Well, that central narrative isn’t quite as engaging as the exposition dump. Not because it isn’t effectively presented or executed, but because it’s pretty familiar territory thematically speaking. If you forgot Bong directed Okja because you’re still riding the Oscar high of Parasite, this will definitely remind you. The over-the-top cartoon that is Kenneth Marshall. The animals in need of saving from mankind’s hubristic bloodlust. It’s anti-colonial, anti-rich, and pro-morality. It’s about how the person at the very bottom of the totem pole can ultimately become a hero because, through his steady cycle of death and reincarnation, he’s the one person who truly understands the value of life.
It’s a fun ride despite running into an hour-long lull once the excitement of two Mickeys being alive at the same time wears off. That’s when all the stuff we learned during the recap comes back to complicate matters and we discover a few other key details left out for dramatic purposes. The “good vs. evil” battle between death cult Brownshirts and empathetic civil servants commences and Ruffalo is let off-leash to bring everything his consigliere (Daniel Henshall’s Preston) advises to fruition in the loudest and most idiotic ways possible. And with everything starts to go full bananas, we can devote our focus to the Mickeys and Pattinson’s dual performances showing how different the same person can be when forced to consider the violence committed upon them by outside forces and themselves.

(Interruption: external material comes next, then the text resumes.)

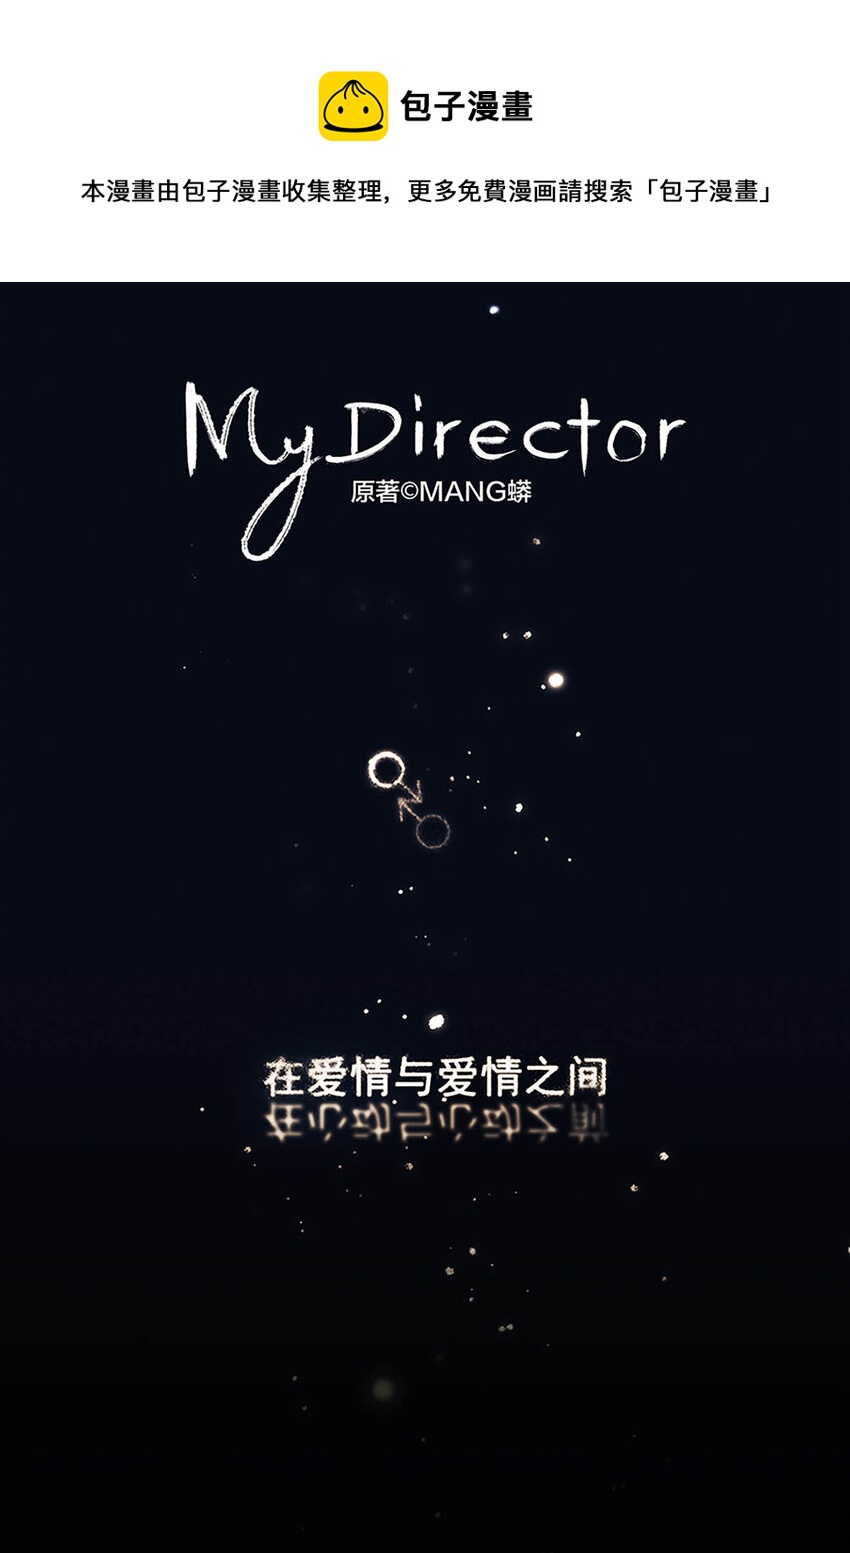 My Director - 005 “我不瞭解你” - 1

He’s by far the best part of the film. Embodying both 17’s sheepish compliance and 18’s justifiable yearning for homicidal vengeance. The latter doesn’t exist without the former, but the former isn’t beholden to the latter. So, 18 can be angry about everything 17 experienced and 17 can finally remember what mortality feels like knowing that a forthcoming 19 will be printed from 18’s memories rather than his. Everything after they meet each other is therefore made precious. Every decision holds consequences from which they haven’t felt the weight in years. It leads to some great philosophical ruminating and even better comedy when their conundrum gets exploited by others. I almost wish Marshall and the “Creepers” didn’t exist so the whole could simply be about 17 and 18 contemplating their coexistence.
But that’s not what wins big budgets. Frankly, I’m amazed something this weird was given its budget at all—even with its action-based colonial overtones. Because it’s Okja goofy. Not Snowpiercer cool. Not that I’ll ever understand Hollywood economics considering Snowpiercer doubled its forty-million-dollar budget, Okja didn’t get a theatrical release on a fifty-million-dollar budget, and Mickey 17 (presumably on the back of Bong’s recent Oscar win) had Warner Bros. forking over a whopping one hundred and eighteen million. It made it back, so good for them and good for the future of non-IP driven scripts, but it just goes to show that studios don’t care about content as much as brand. Bong and Pattinson sell tickets. WB probably wrote that check without reading a word.